§ **What to work on**:
Only one span of the material below is wanted. Output it exactly, from the line with "Berloque Iniciais Coração" through the line with "Konv. 6 Teile", without any pictures.

§ **Input data**:
--------------------------------

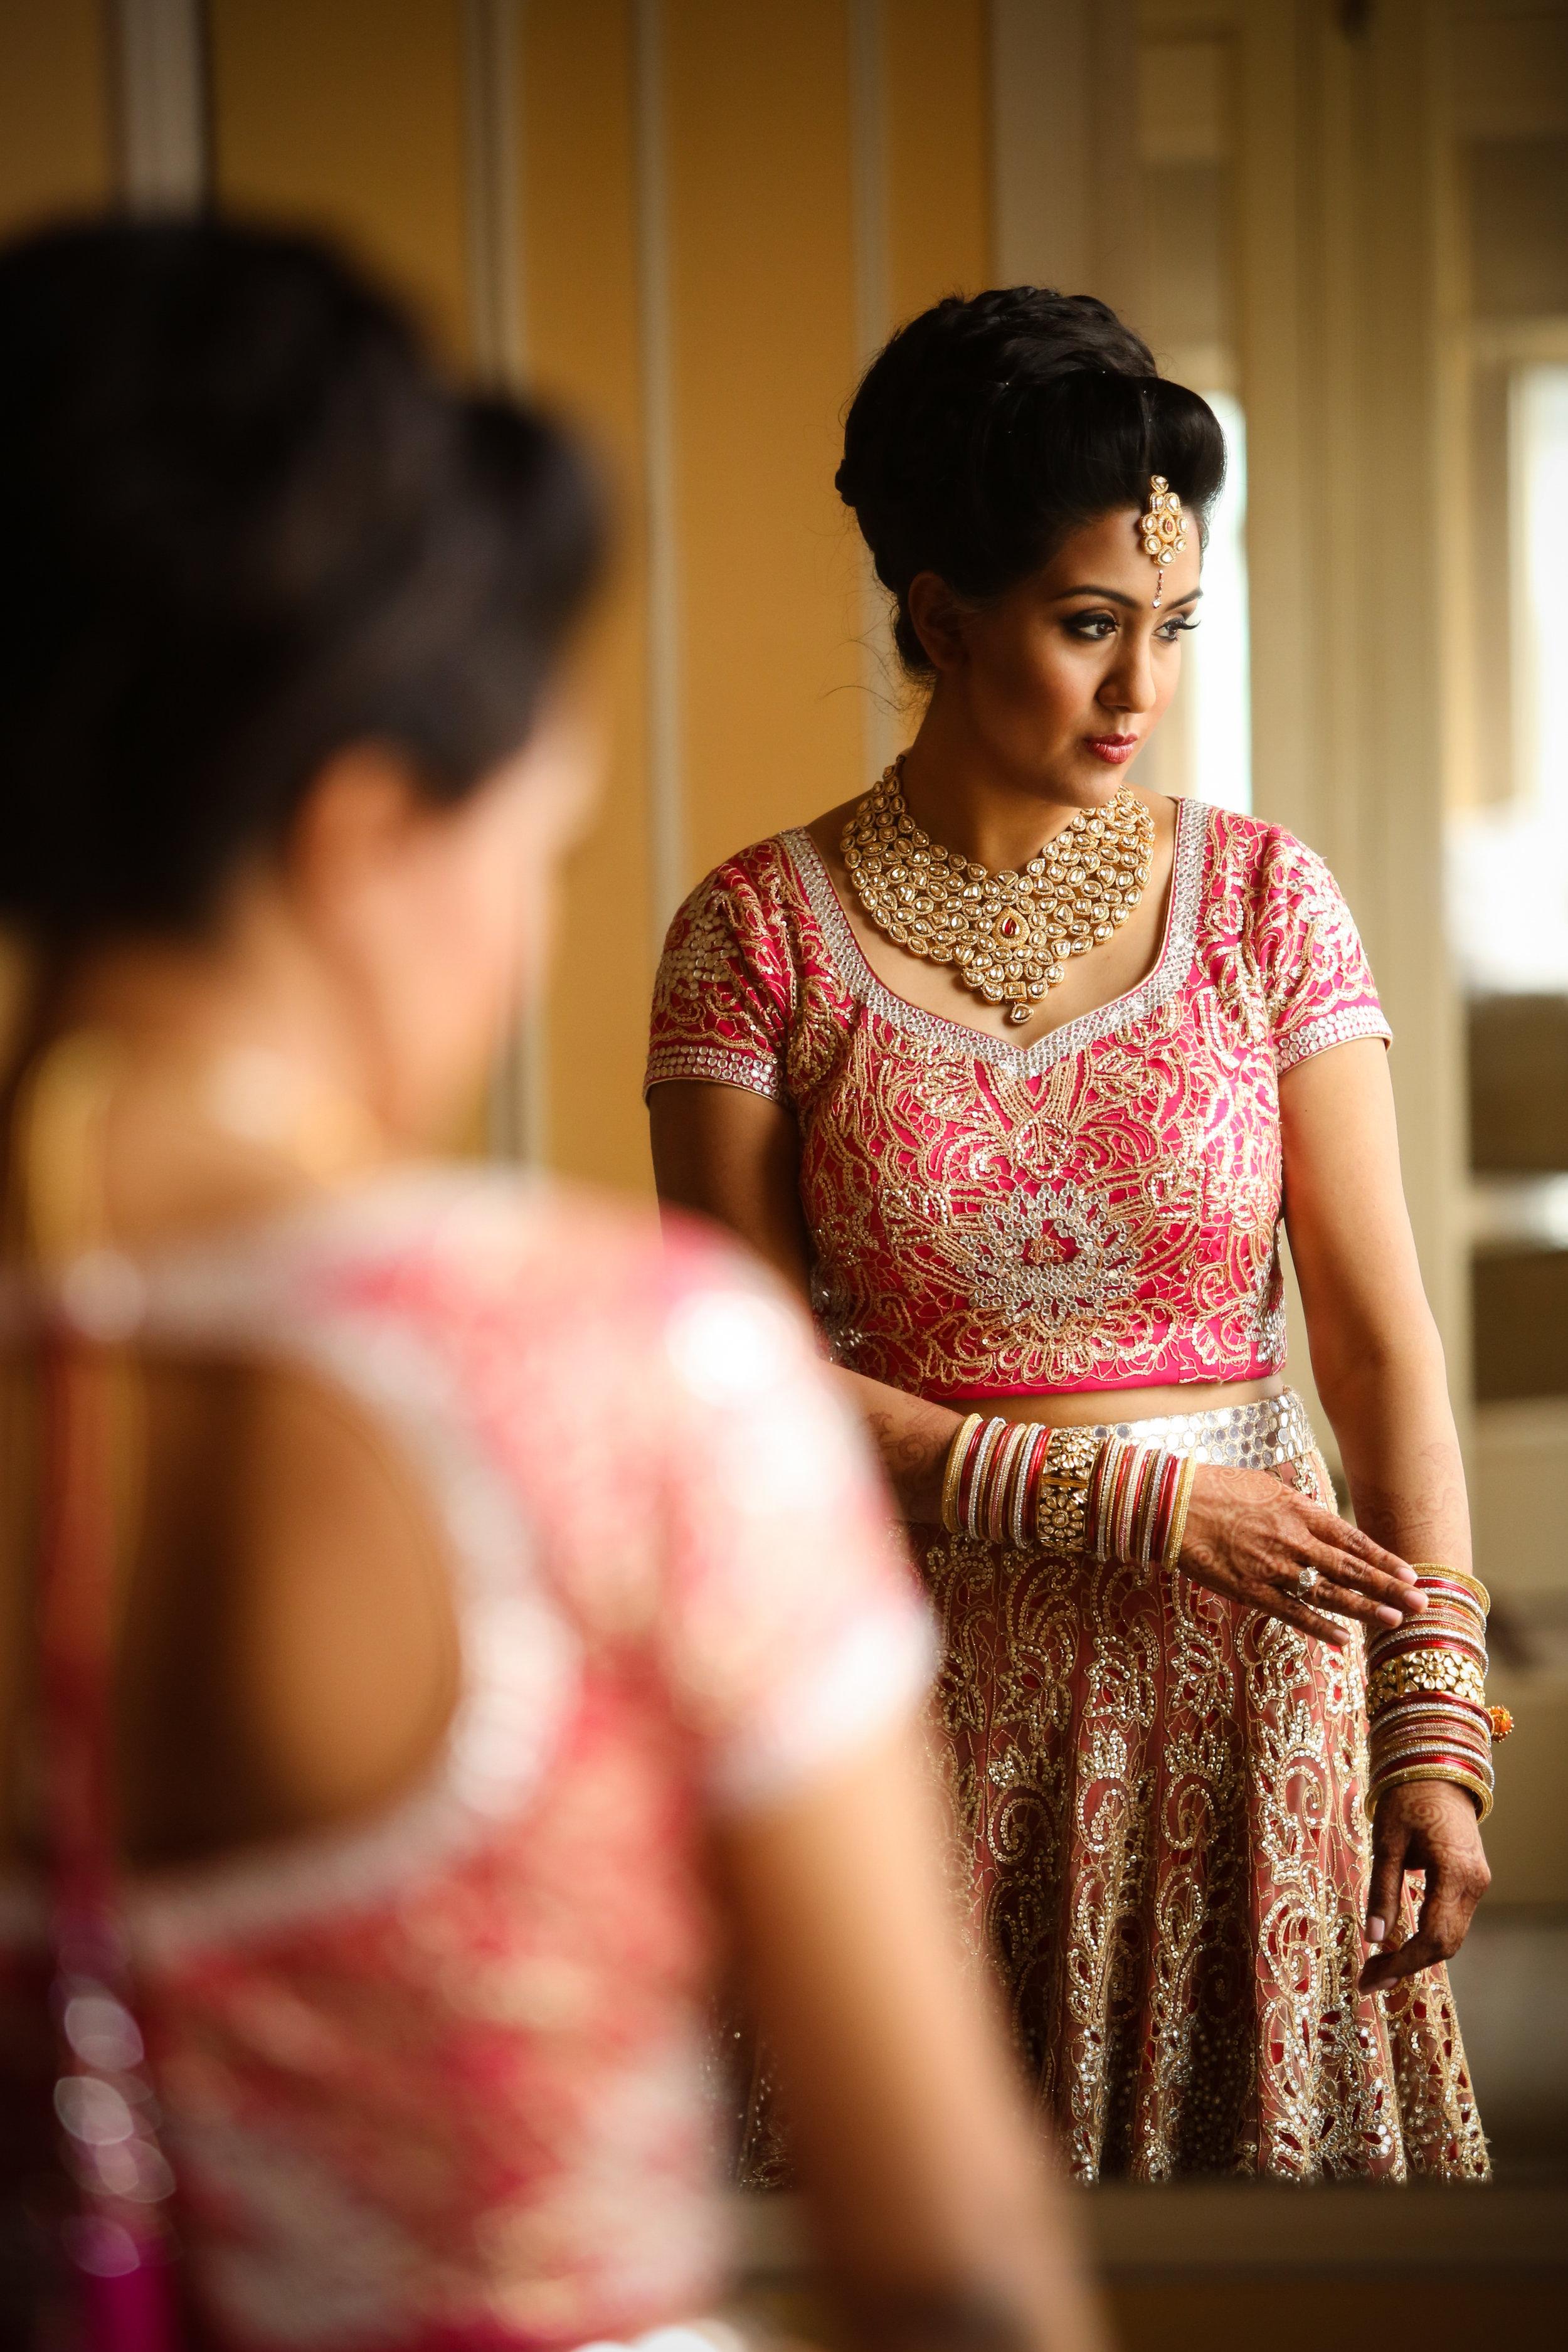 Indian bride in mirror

--------------------------------

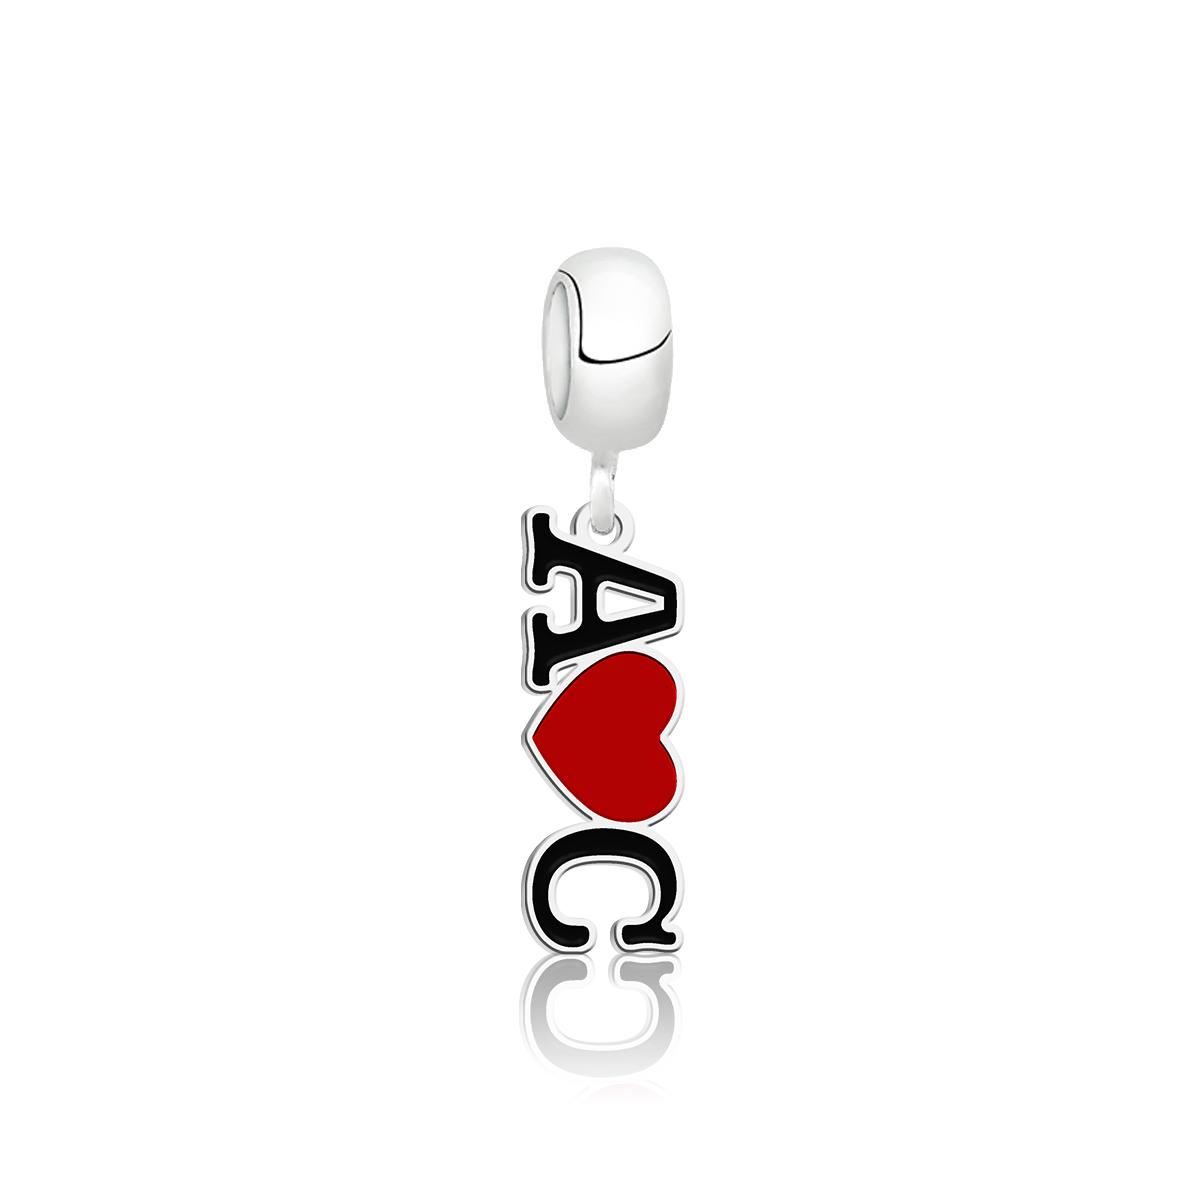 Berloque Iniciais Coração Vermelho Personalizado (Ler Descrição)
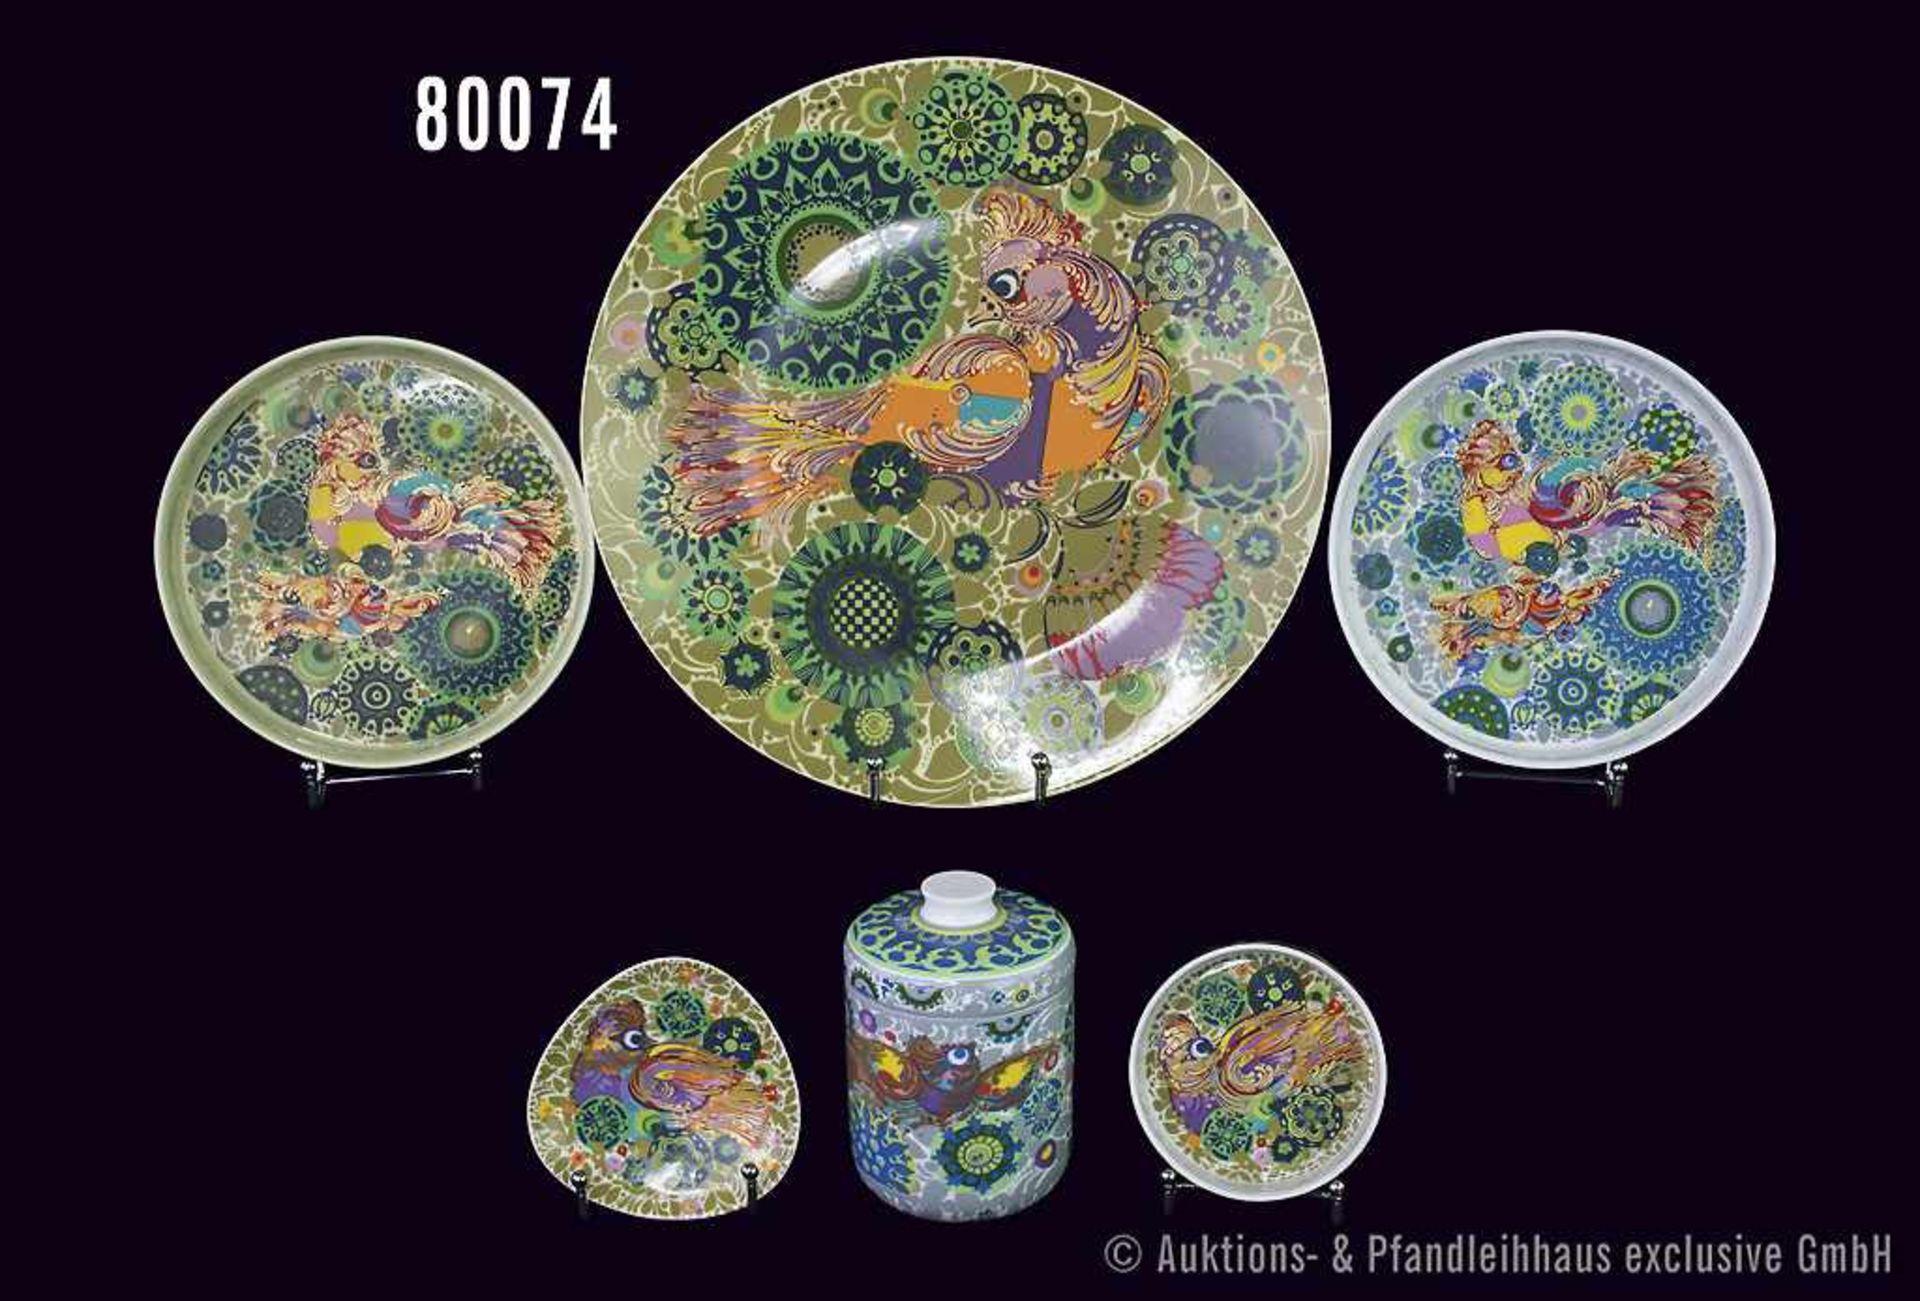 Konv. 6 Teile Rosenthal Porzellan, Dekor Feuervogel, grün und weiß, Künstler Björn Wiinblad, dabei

--------------------------------

§ **Exercise response**:
 Berloque Iniciais Coração Vermelho Personalizado (Ler Descrição)
 Konv. 6 Teile Rosenthal Porzellan, Dekor Feuervogel, grün und weiß, Künstler Björn Wiinblad, dabei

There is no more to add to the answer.